When our main courses arrived, Mr. Grieco stopped by to see how we were enjoying the wine. I’m sad to report that we let him down. It had a bit too much muscle for us. The wine was like a dry sherry; a small glassful was enough. Our half-filled glasses sat there reproachfully.
He swept them away at once. “I told you I’d take the wine back if you didn’t like it.”
Instead, he brought us a Grüner Veltliner. There are a dozen to choose from on Mr. Grieco’s wine list, which, needless to say, is first-rate. (His notes, moreover, are often hilarious as well as instructive, a refreshing change from wine-speak. Introducing Châteauneuf-du-Pape, he asks, “Was there a cooler time in the history of the Papacy than the Babylonian captivity?”)
The Grüner Veltliner was a fine complement to the sablefish, which came with a swath of green sauce made from pickled broccoli rape and topped with fat glazed morsels of uni from Santa Barbara. The lesso misto, a Milanese recipe, was also superb, with silken pieces of boiled meats, including beef, chicken and tongue, served with mostarda, horseradish and salsa verde.
Mr. Canora’s lamb, done every which way, is splendid, with forkfuls of chop, saddle, breast and sausage served in a shallow white bowl with peas, morels, spring garlic, lavender and spicy mustard greens bathed in a rich jus.
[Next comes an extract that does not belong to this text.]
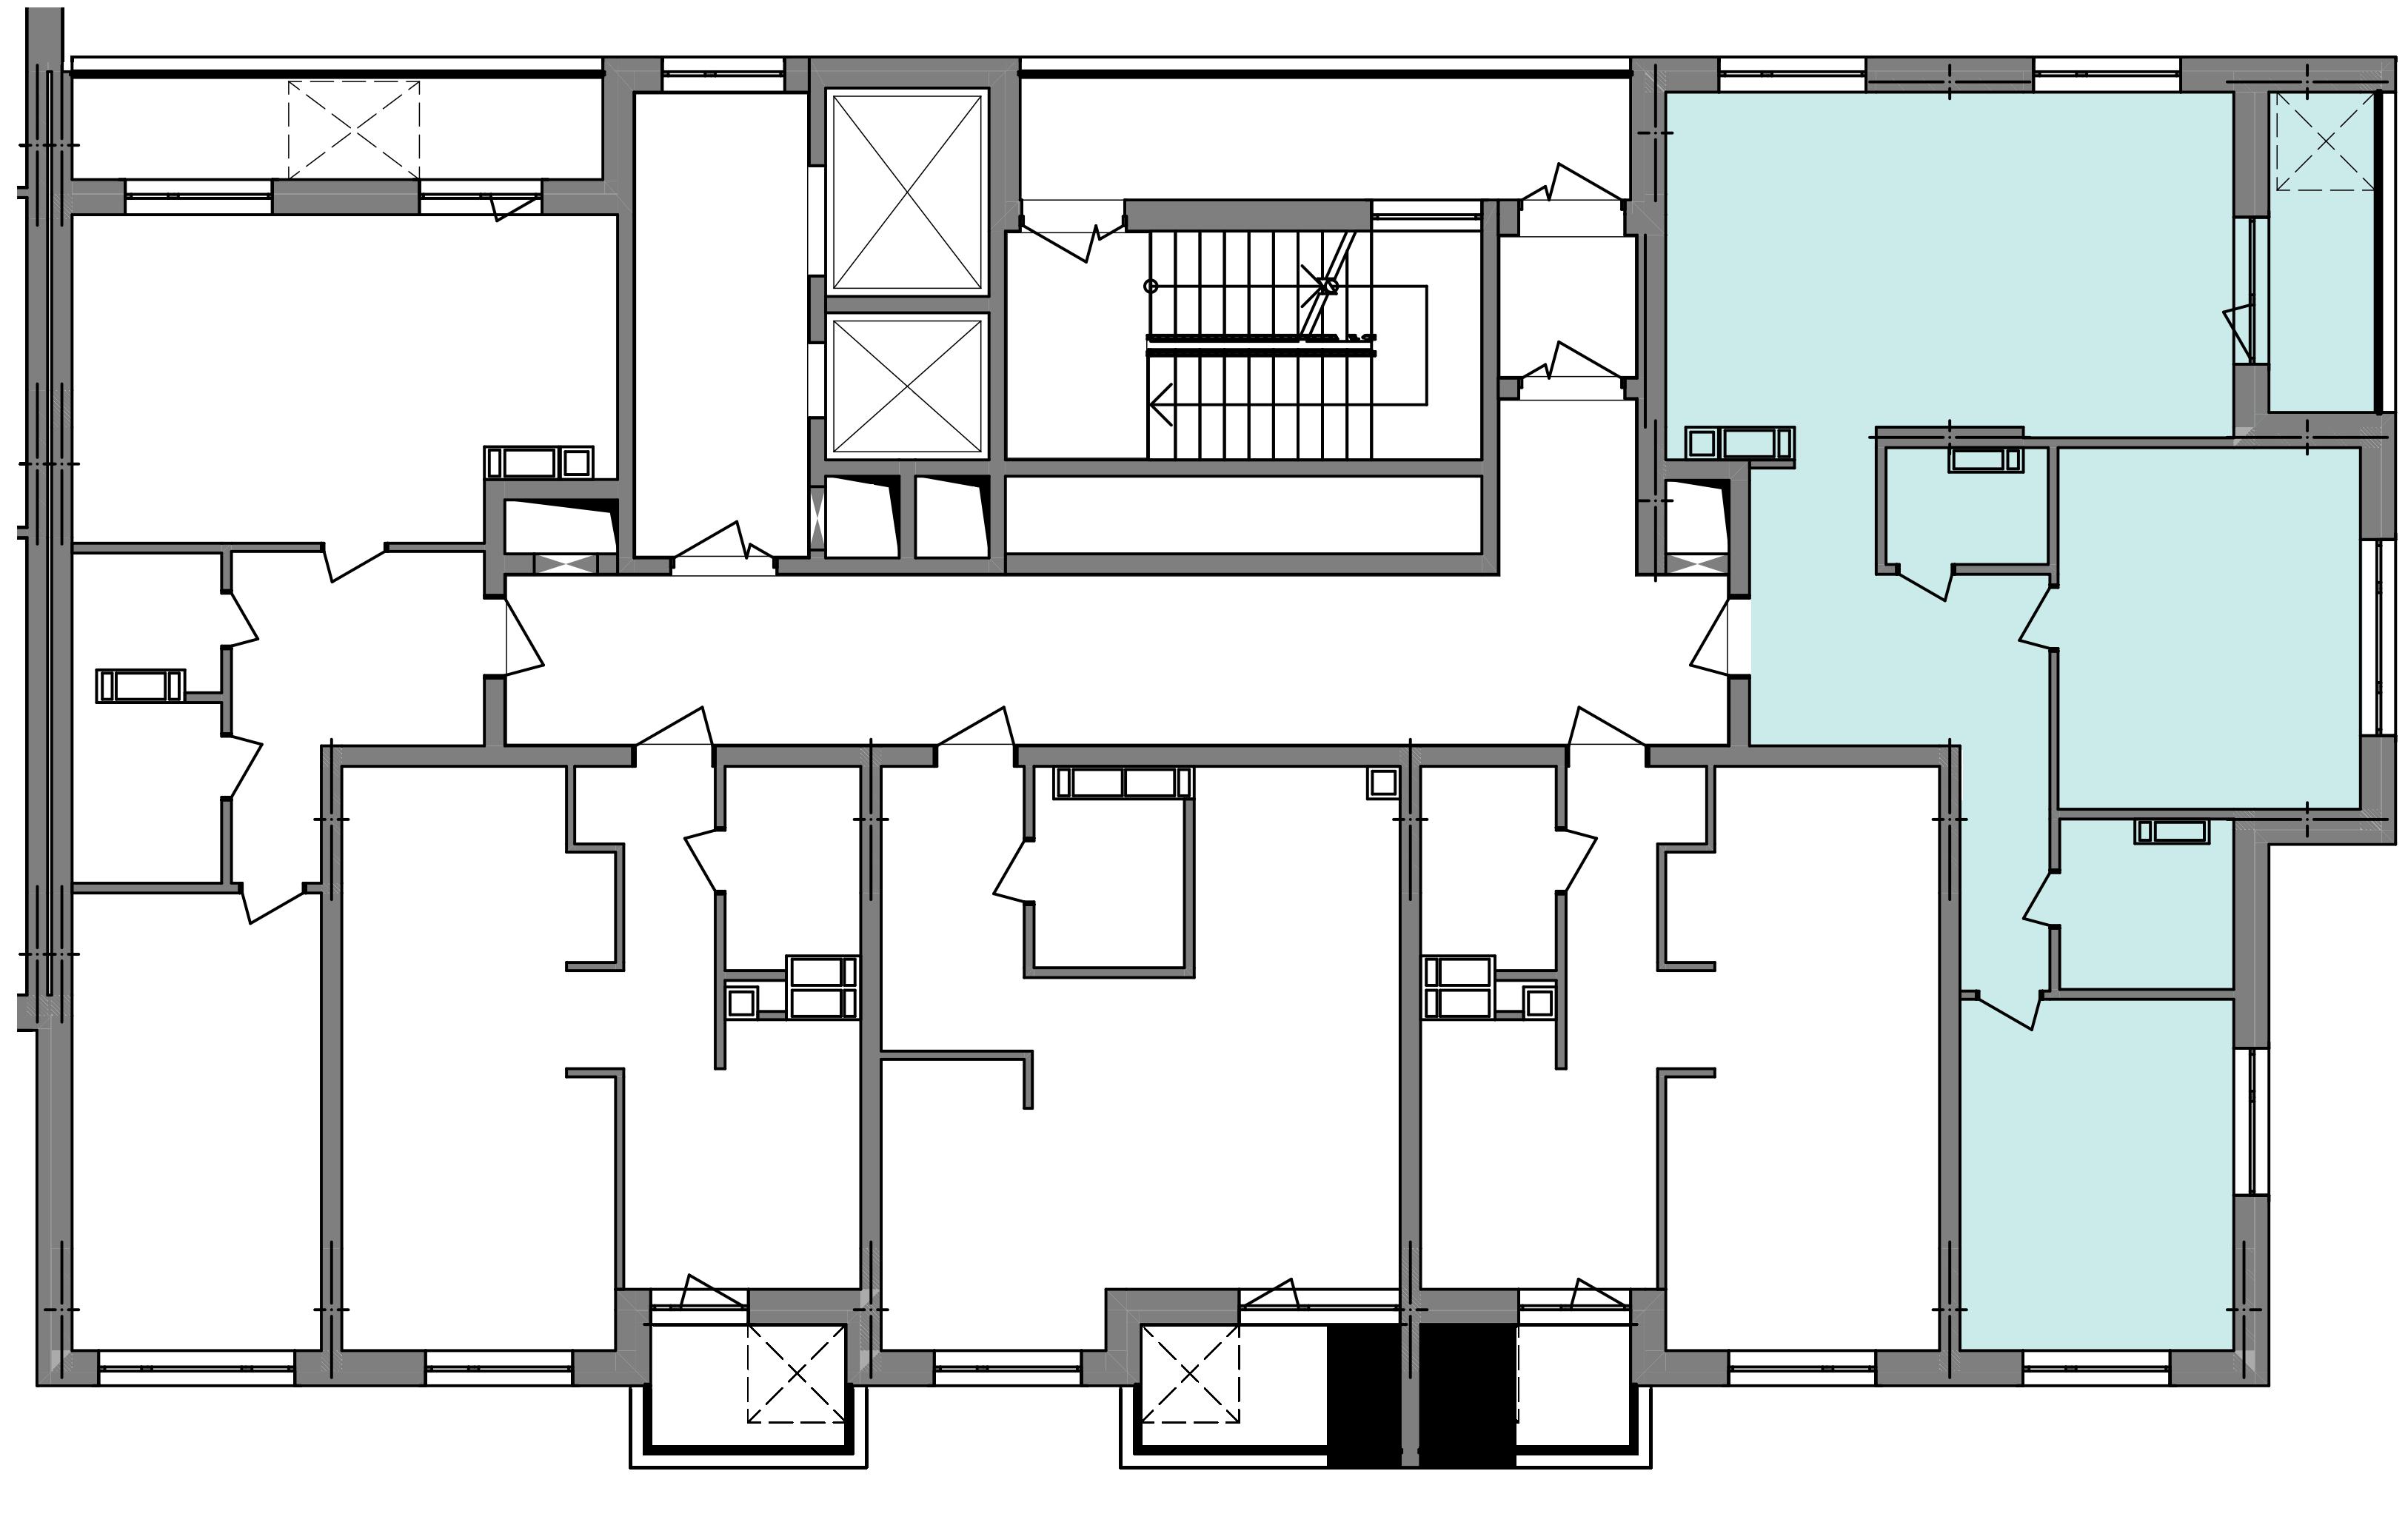 Трикімнатна квартира 79,68 кв.м., тип 3.2, будинок 3, секція 5 розташування на поверсі
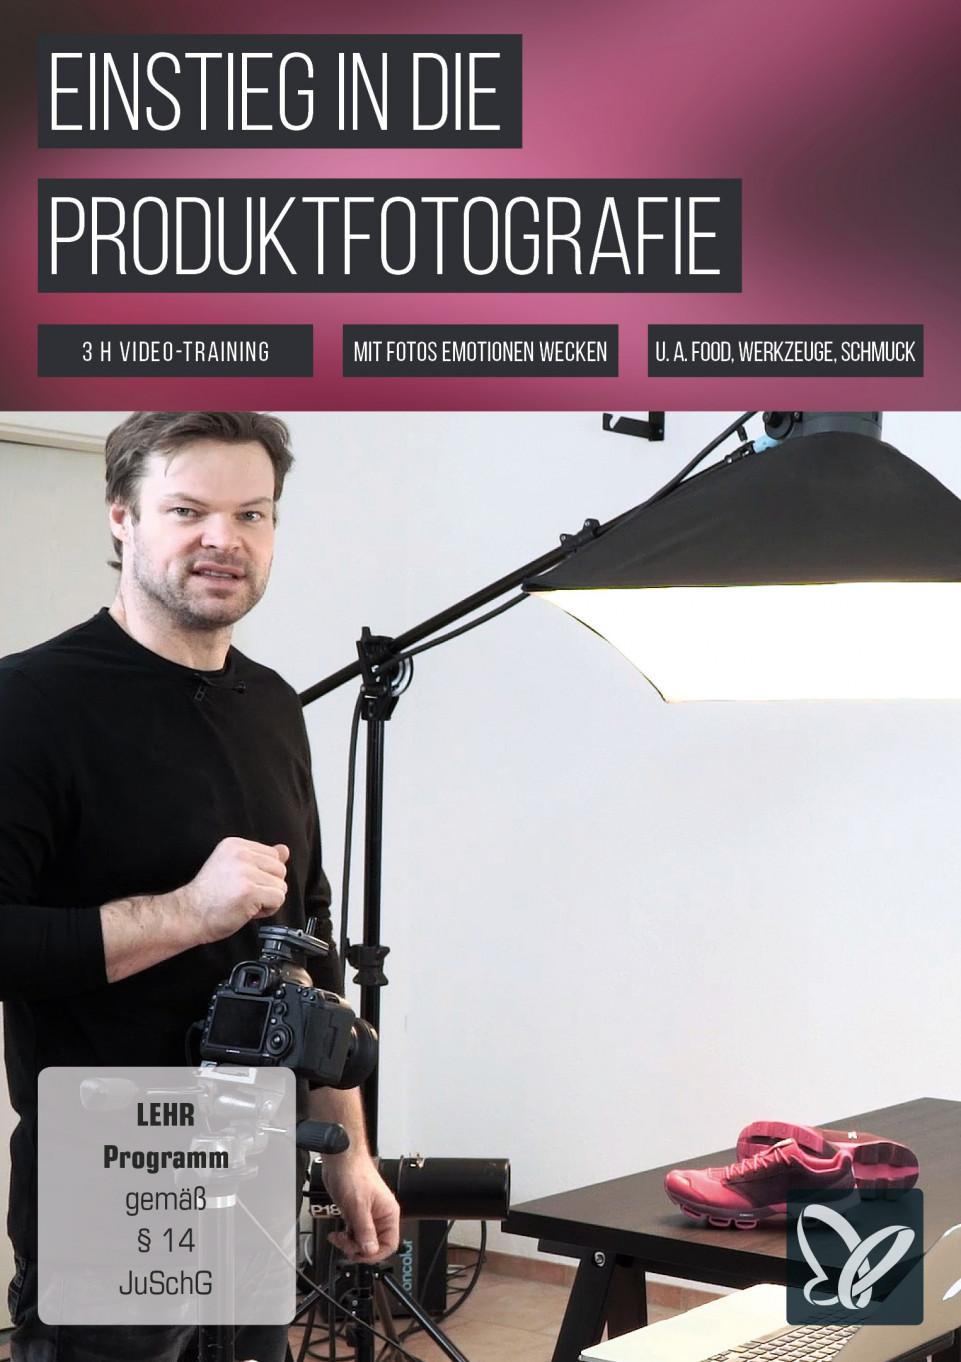 Professionelle Produktfotografie: Einstieg & Tipps zum Erstellen hochwertiger Produktbilder

Pastry chef Amadou Ly’s desserts include a warm semolina cake with dried figs and a heavenly mousse-like gianduja chocolate bar. Strawberry mousse is layered with robiola goat cheese, a small striped dome on a plate served, interestingly, with a sorrel purée that cuts the sweetness nicely. But the chocolate arborio rice torta with pine nuts and raisins was heavy and dry, the sort of thing you might imagine people eating around the time of the original Babylonians. And speaking of antiquity, there is mead from Sussex ($7 a glass) that is a one-note samba of honey. “It’s fine,” commented my companion who’d ordered it. “About as good as alcohol could get before the year 1000.”
When the waiter brought the bill, I asked him what kind of clientele they were getting in this midtown location.
“We get all types: pre-theatre, business, tourists … ,” he replied. “And foodies, of course. We love foodies.”